__YOUR ASSIGNMENT__. In the listing beneath this line, copy exactly the lines starting with the one containing "increíble negro coche" and going on through the one containing "November 2003 Der".

__WORKING DATA__.
/---

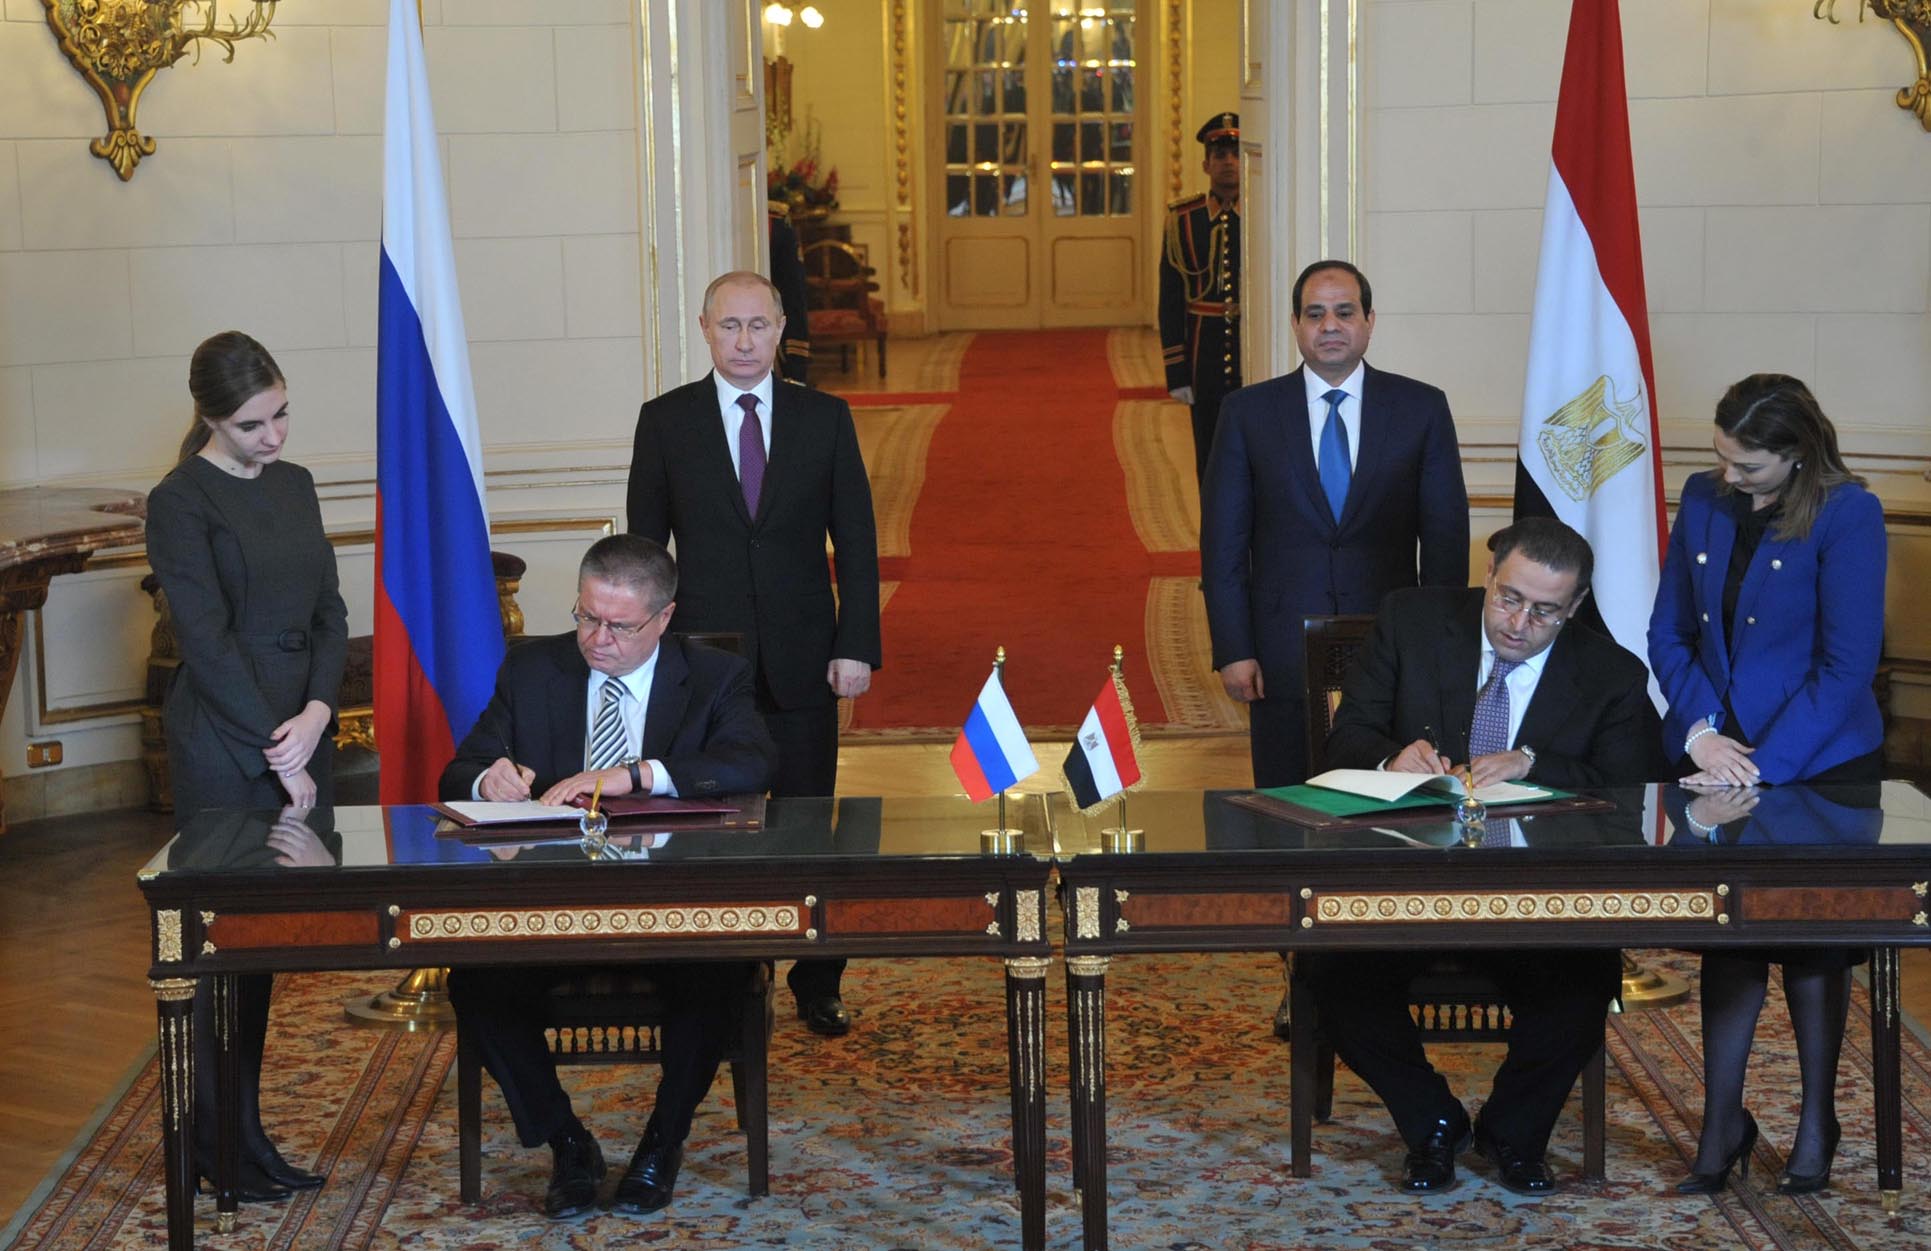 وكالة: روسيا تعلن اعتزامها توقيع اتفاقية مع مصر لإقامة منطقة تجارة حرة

\---
/---

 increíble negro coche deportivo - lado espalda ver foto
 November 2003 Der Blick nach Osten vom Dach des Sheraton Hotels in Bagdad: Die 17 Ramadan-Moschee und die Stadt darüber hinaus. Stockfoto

\---

__WRITTEN SOLUTION__.
 increíble negro coche deportivo - lado espalda ver foto
 November 2003 Der Blick nach Osten vom Dach des Sheraton Hotels in Bagdad: Die 17 Ramadan-Moschee und die Stadt darüber hinaus. Stockfoto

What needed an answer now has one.